The local news video below contains a brief recap on the story.

16 thoughts on “Cat and Gray Fox Break Bread”

  1. oh my gosh … i’ve a pair of red foxes that visit during the late hours of the night … my “outside” cat(also a stray found under the house)…shares the food i leave out … i thought it was a fluke at first but this just solidifies my belief that we as humans still have much to learn from our four-legged friends …=^.^=blessed be

  2. The drought is very bad in Texas. I hear though that maybe by Sept. 20th we should get rain. My husband and I feed and water deer, birds, squirrels and now a bunny. This drought is bad. Our cats just leave Bunny alone and the dogs don’t even bother it. Maybe it’s just too hot. But we will keep our fingers crossed that the creatures that we care for will make it out of this drought okay.
    That is a great picture of the fox and cat.

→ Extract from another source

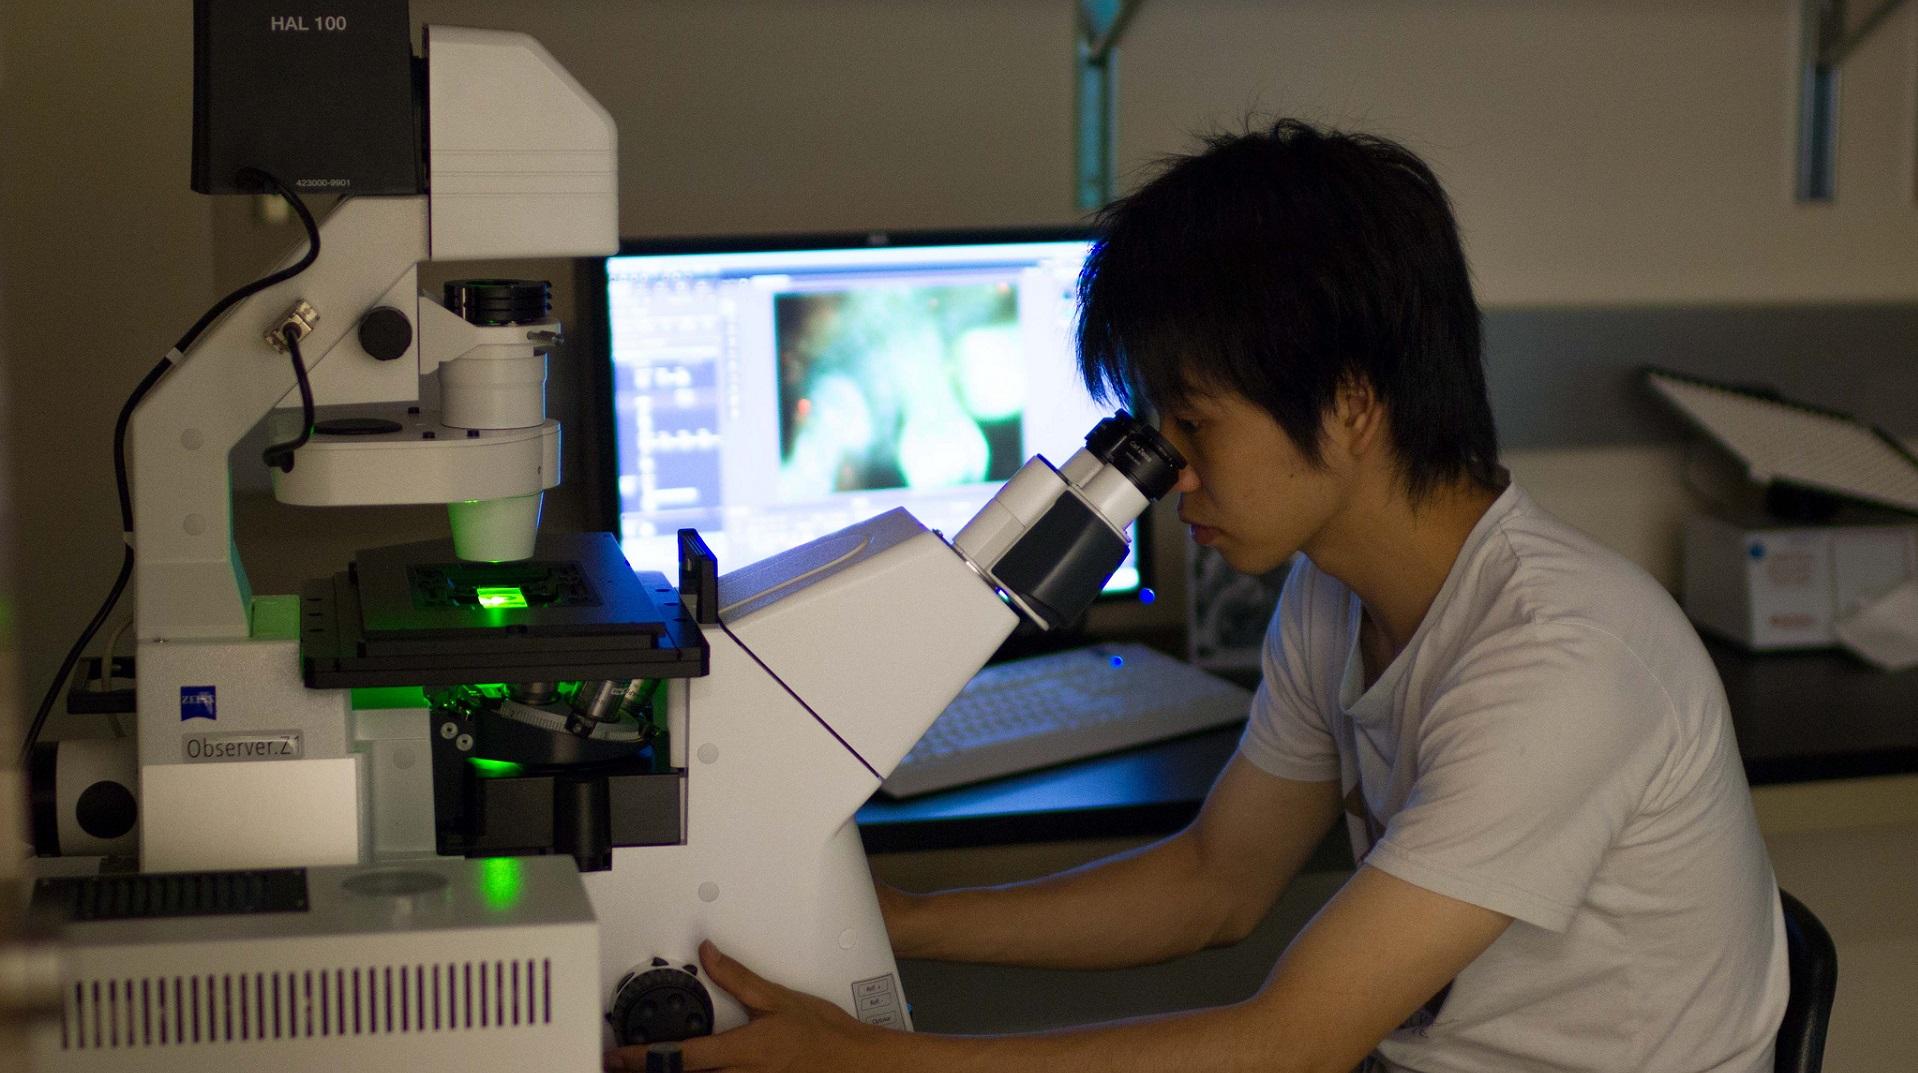 Estos nanorobots combaten el cáncer selectivamente dentro del cuerpo

  3. It’s been awful here- the animals and trees are really suffering. I keep water out for them but the heat makes it hot even in the shade.

  4. It’s probably a young inexperienced fox or it would have gone after the cat and eaten it. Normally a fox would have no problem with eating a cat.

  5. This fox has been trying to attack my cat. It made these awful noises in the middle of the night, and we had to rush to the door to let our cat in. It has happened 3 times this past week, and my husband wants to shoot it, but afraid he will get into trouble. The fox did not even run when I opened the door, which creeped me out. One time she moved closer to the door going into my bushes by the window. Now I have a lot of anxiety about letting my cat out at night, but if I don’t he freaks out constantly meowing and scratching at the door. The fox has some babies and lives in a field close to the neighbors house by the woods.

  6. Hi Laurie,
    I strongly advise keeping the cat in at night. I think I know the noises you mean, and I don’t think you want to take a chance with your cat’s safety. I truly understand how difficult it is dealing with a cat that wants out.
    Since the fox was so bold when your husband opened the door, you might want to call a wildlife agent with the state or county, or a wildlife specialist operating outside of government, if only to have them check up on the fox to make sure there is no a problem.